Top Five Misconceptions about Fibromyalgia
Fibromyalgia impacts as many as 4 million Americans age 18 and older.
Although the most common age range of diagnosis is between 35 and 45 years old, most fibromyalgia sufferers have had chronic pain and other symptoms that started much earlier in life. The hallmark symptoms of fibromyalgia include long-term diffuse pain, extreme tiredness, cognitive or memory problems (“fibro fog”), headaches, irritable bowel syndrome, and depression or anxiety.
Fibromyalgia is perhaps one of the most widely misunderstood conditions out there, so we’ve compiled a list of the top 5 misconceptions we’ve heard in order to shed more light on the disorder:
- “It’s all in your head.” This is probably the top misconception when it comes to understanding this condition. Although current research has helped to shed a lot of light on the condition, some people still might think that fibromyalgia is not a legitimate medical concern. People who have fibromyalgia experience pain differently than those without. Their brain and spinal cord (the central nervous system) processes pain signals abnormally, making it a very real physiological problem.
- Only women develop fibromyalgia. While it’s certainly true that this condition disproportionately affects women, men can have fibromyalgia as well. Women make up between 75% and 90% of fibromyalgia sufferers. Men may not be as susceptible to developing the condition, but that might be complicated by the fact that men may not report their pain causing their condition to go undiagnosed.
- Fibromyalgia and chronic fatigue syndrome are the same thing. The fatigue associated with this condition can definitely be severe, however it is not the same as experiencing chronic fatigue syndrome (CFS). Many CFS sufferers do not have any pain at all, making the two conditions very different.
- Fibromyalgia sufferers should avoid exercise. This misconception likely stems from the fact that movement often increases the pain that this condition sufferers experience. On the surface, it would make sense that avoiding movement might help bring relief. However, fibromyalgia sufferers actually benefit greatly from gentle exercise. Movement can help to loosen achy joints and muscles if done properly. It is important to start slowly and work up to a daily routine in order to manage pain.
- There are no effective treatment options for fibromyalgia so I just need to learn to live with it. As more is understood about fibromyalgia, better ways of caring for the condition are emerging. Learning how to relax, as difficult as it might be, can be of great help to those suffering from fibromyalgia. Meditation and deep breathing techniques, yoga and other forms of gentle exercise like walking, and developing healthy sleep habits help immensely when it comes to day-to-day pain and fatigue. There are, of course, medications that can also help to provide temporary symptomatic relief. Additionally, many fibromyalgia sufferers are finding great results with upper cervical chiropractic care by addressing areas of compromise within the central nervous system that might be interfering with normal pain processing.
Understanding Pain Processing
People with fibromyalgia experience a heightened sensitivity to pain. What this means is that something that may ordinarily be perceived as a non-painful stimulus (such as putting a hand on someone’s shoulder) would be perceived as very painful by someone with this condition. Pain processing is the job of your body’s central nervous system (CNS), which is comprised of your brain and spinal cord. When our body comes into contact with something that causes pain, such as a hot iron or the edge of a knife, the affected body part transmits that signal to the central nervous system to be received by the brain. Once the brain processes that signal the appropriate response can be taken, such as quickly pulling your hand away from the hot iron.

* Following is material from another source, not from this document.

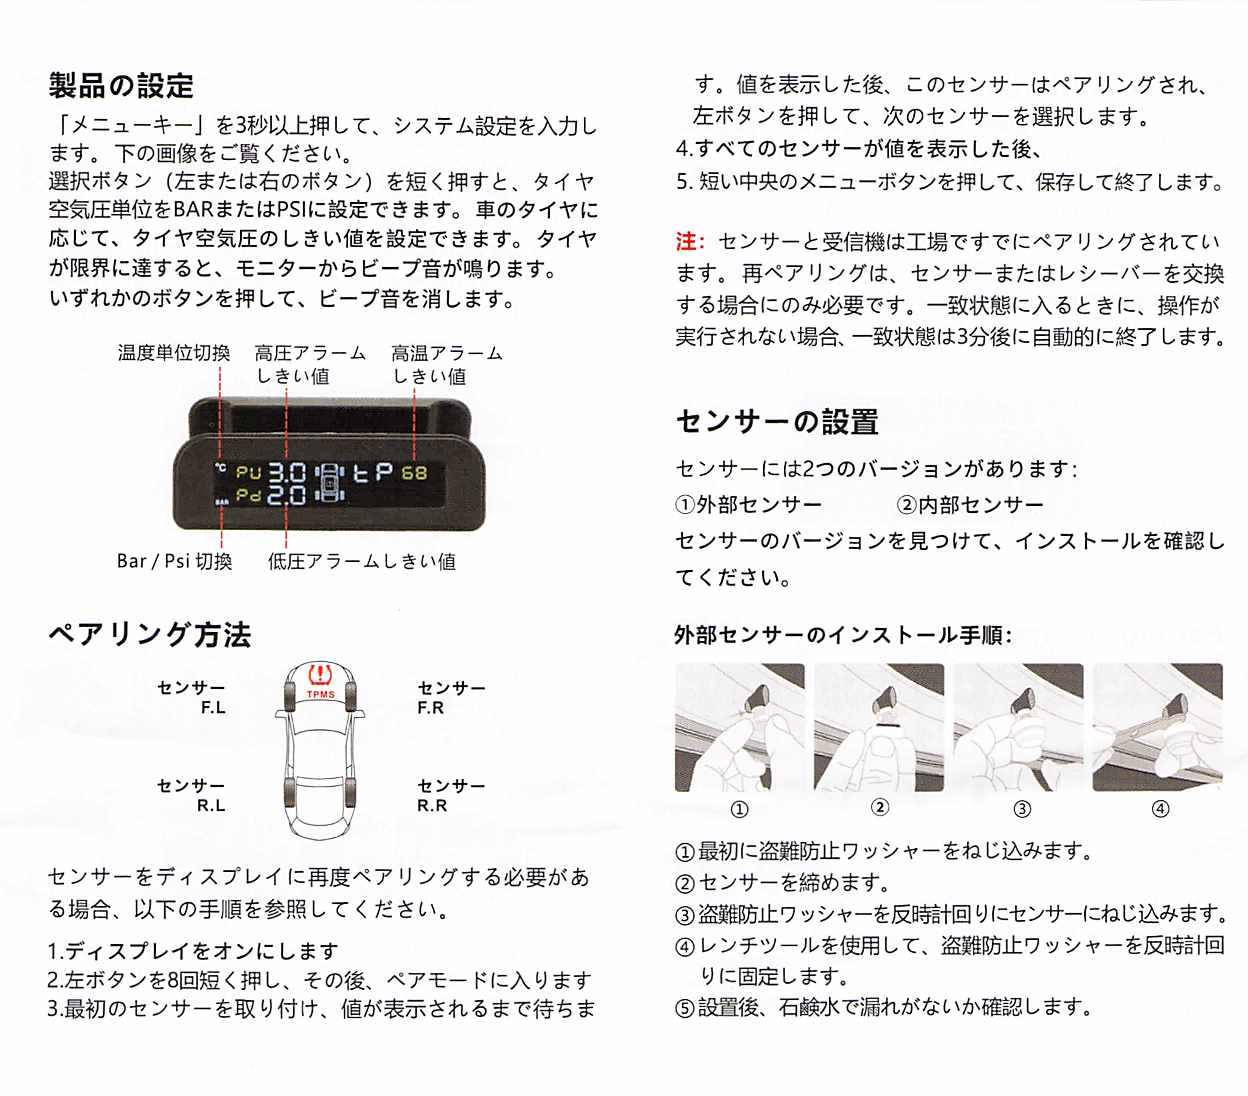 【TPMS】車のタイヤ空気圧をお手軽監視
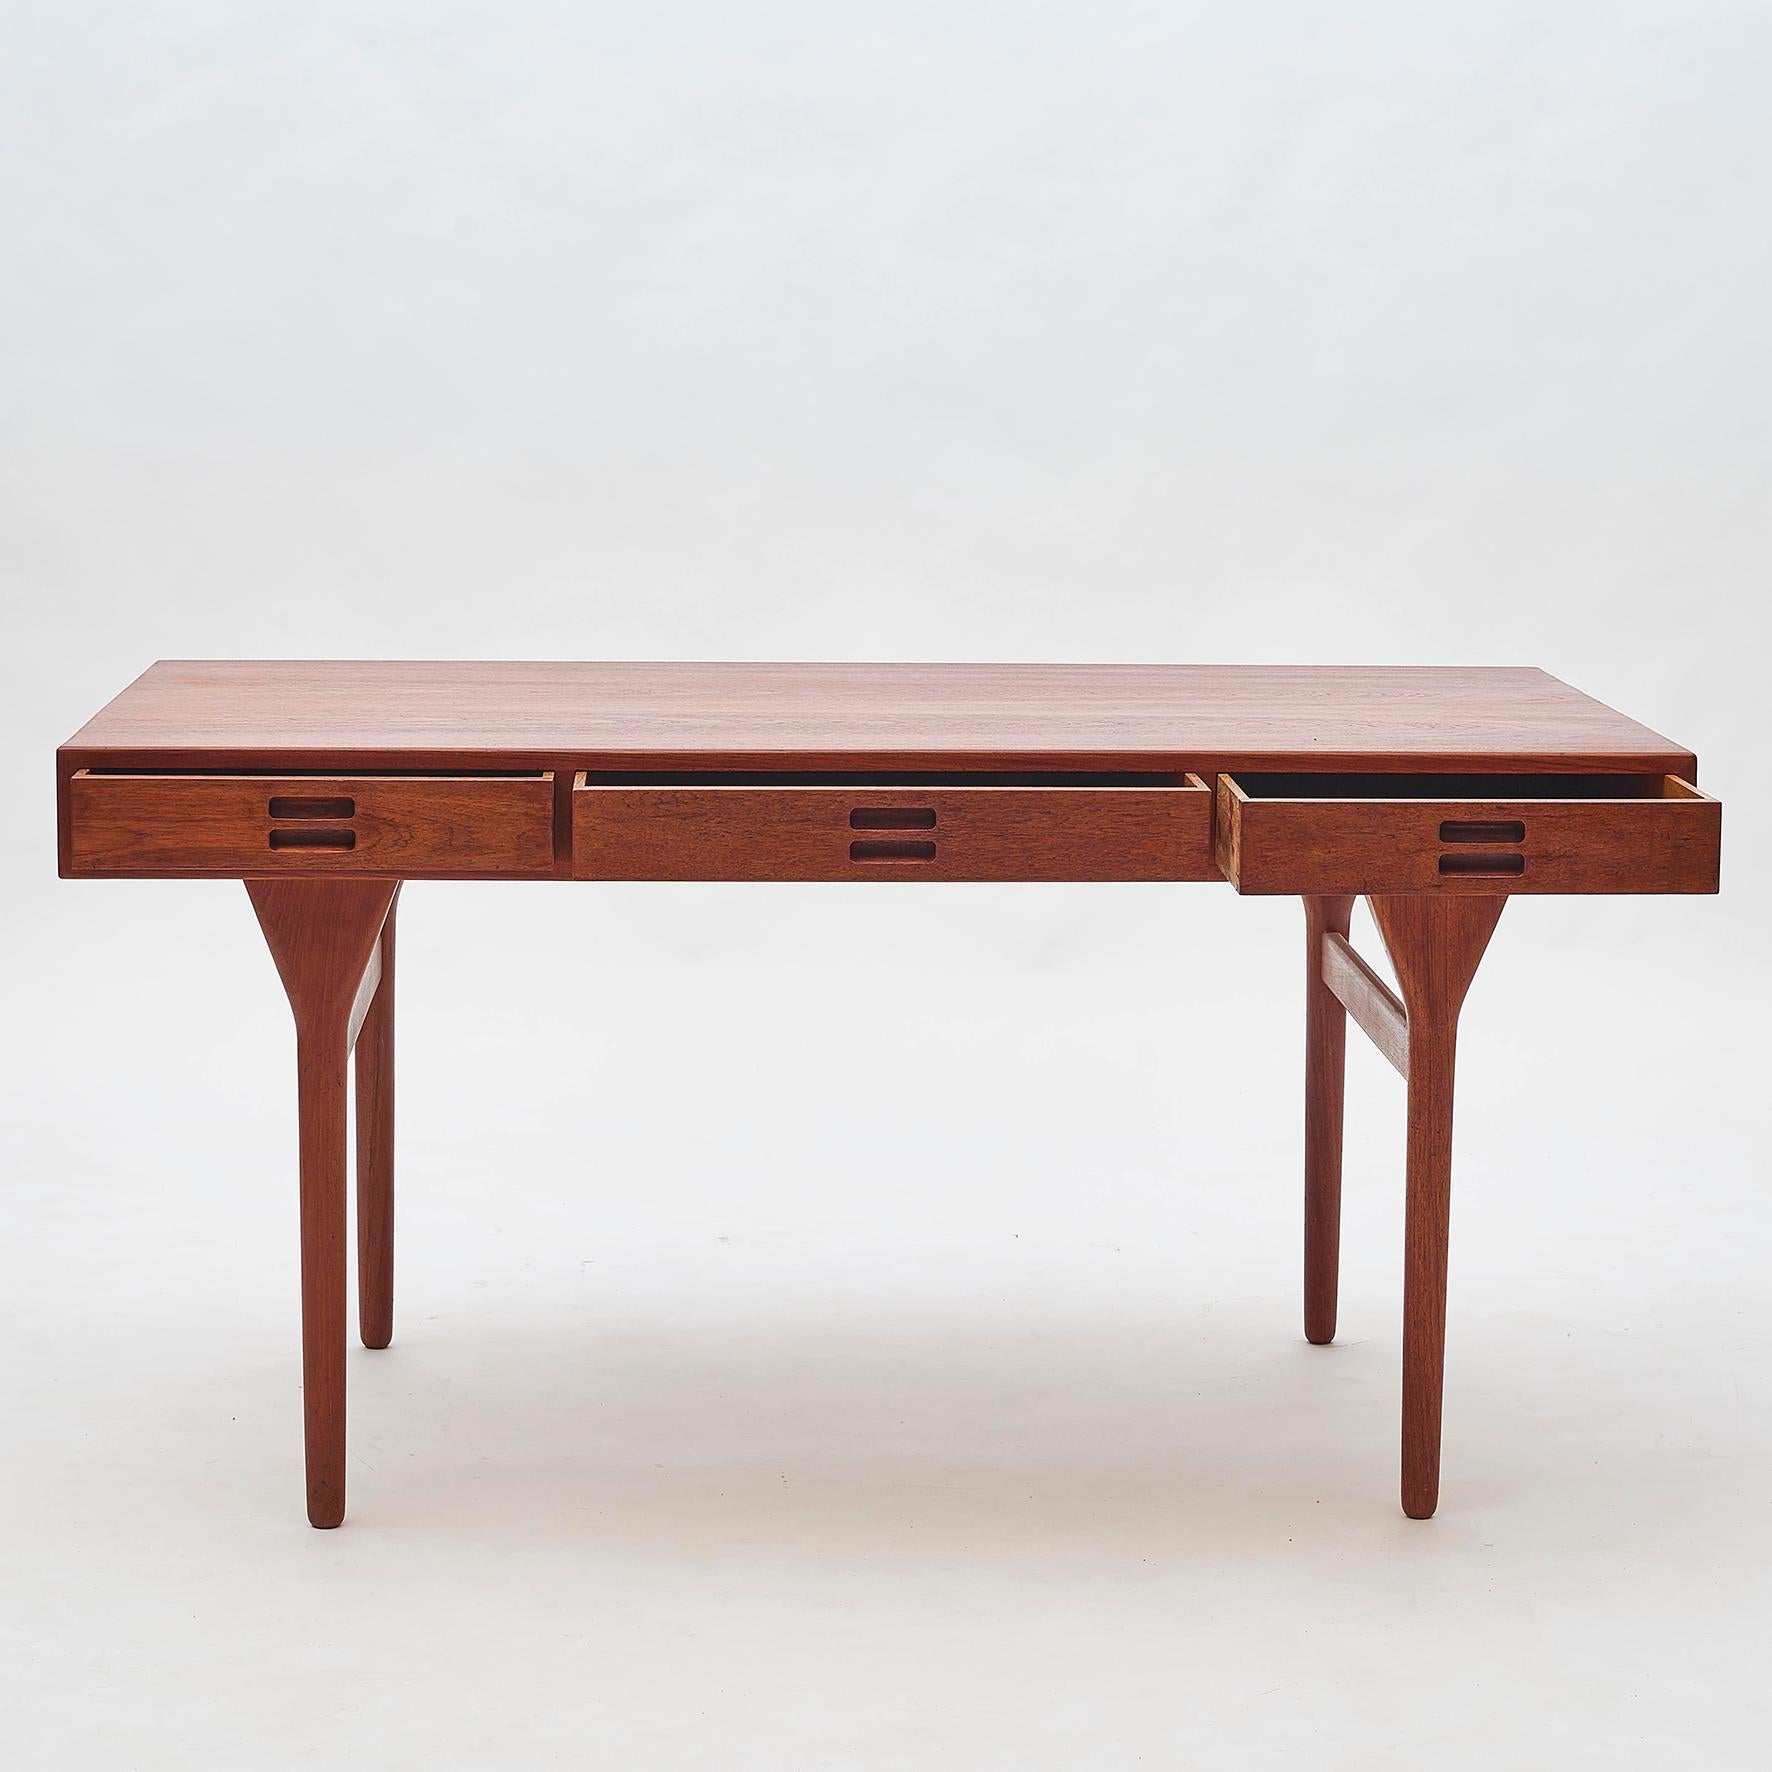 Desk by Danish designer Nanna Ditzel, 1955-1960, model ND93. Fine lines and robust structure in teak with 3 deep drawers. Manufactured by Søren Willadsen, Vejen.

Pain signals can go awry and be misinterpreted if there is a problem within the central nervous system. In many cases, CNS function can be disturbed because of a misalignment of the very bones that are supposed to protect it – the vertebrae of your spinal column. This is especially true when looking at the uppermost vertebra in your spine, the atlas. The atlas protects your brainstem, and your brainstem acts as a relay station for pain signals. If the atlas misaligns, it can influence how your body perceives and experiences pain.
Upper Cervical Chiropractic Addresses the Root Cause
Rather than fleeting, temporary relief, upper cervical chiropractic care aims to address the root cause of this condition by optimizing CNS function. The way we do this is through very specifically designed and delivered adjustments to the atlas. If an atlas misalignment is hindering normal pain signal processing, then it must be corrected in order for the body to heal. Upper cervical chiropractic care is different in that our adjustments are tailored to each individual’s needs and given only when needed. This allows for long-lasting corrections which leads to lasting resolution of symptoms.
This is an often-overlooked factor when it comes to approaching care for this condition patients, and one that has been able to help many suffering people. Correcting an underlying issue such as an atlas misalignment can help to restore your body’s capability to function normally. This can translate into more energy, better sleep, less pain, and a better overall quality of life.